There is now a Freedombone image for the Rock64 single board computer. They're fairly cheap and sufficiently powerful that I've been using one of these as a desktop machine for the last year without any major problems. The Rock64 has an A53 processor which doesn't do speculative execution and so is not vulnerable to an entire category of possible security problems.

There are two images available here. freedombone-main-rock64-arm64.img.xz is the clearnet version and freedombone-onion-rock64-arm64.img.xz is the onion version. It's recommended that you install to an SSD and then connect it to the USB3 port with a USB3 to SATA adapter cable. You will also need to install this boot utility which changes the boot order so that the Rock64 can boot from USB.

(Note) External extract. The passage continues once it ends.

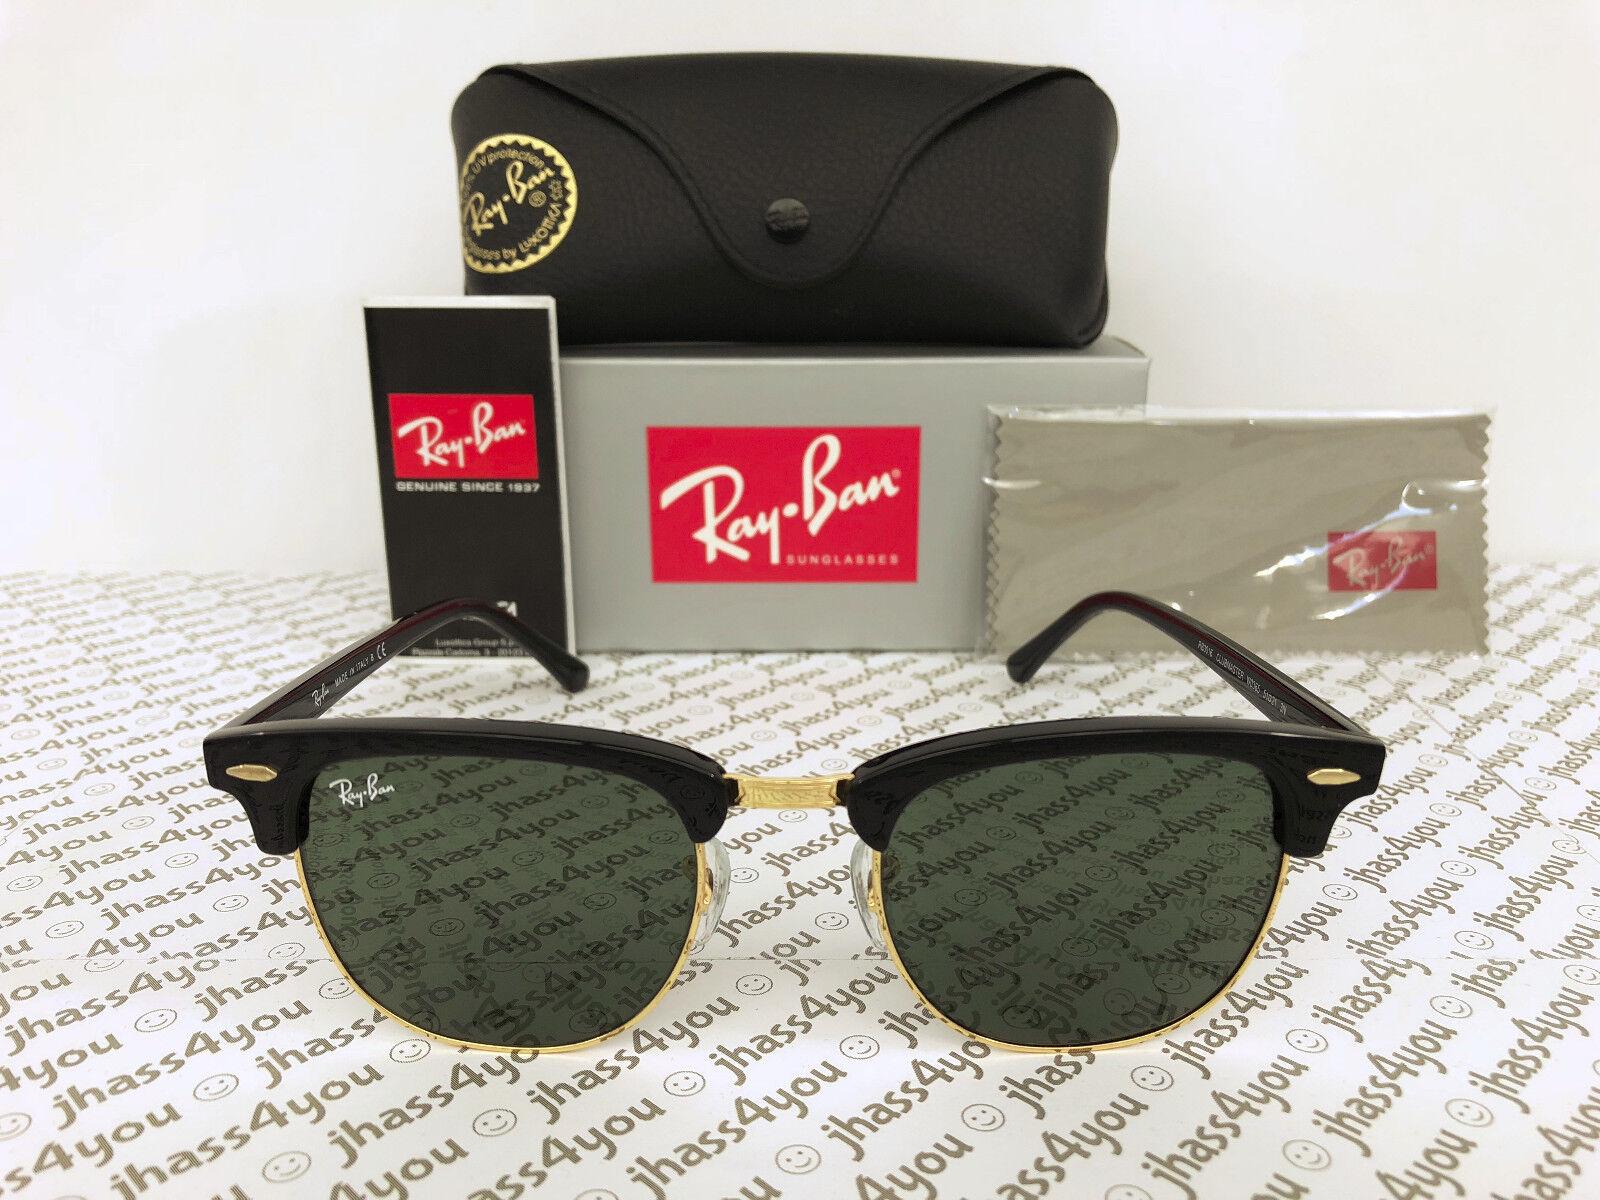 Мужские солнцезащитные очки Ray-Ban Clubmaster Sunglasses RB3016 W0365  Black Frame G-15 Green Lens 51-21mm - 352115214193 - купить на eBay.com  (США) с ... 58a11acc1753e

If you want to run a Matrix homeserver or NextCloud on one of these it's recommended to use the 2GB or 4GB RAM version.

Copyleft Adoption

I've been publishing software on the internet for a long time. Most of it wasn't very exciting, nor especially useful. Why did I choose the GPL license from about 1999 onwards? The reasons were not very complicated.

Prior to 1999 I just uploaded code to a website without any licenses. It was mainly small demos for technologies which are now thoroughly obsolete. Then at some point in 1999, or maybe 2000, someone emailed saying something like: I see you are publishing source code. Unless you add a license with a warranty disclaimer someone might try to sue you. Also without a license this isn't public, it's all rights reserved. I wasn't very interested in legal stuff and so I did a bit of reading and found that GPL best matched what I was doing. My thinking was that if I'm putting software out there with the intention of it being public then I'd rather that it remained public and not have any proprietary forks. That way if there are improvements I can incorporate them back into the original. The sharealike nature of GPL fitted that goal.

There are other reasons to use copyleft licenses, but this is still mostly my reasoning about it now. Other kinds of licenses seem to have more down sides to them if the goal is a global public software commons.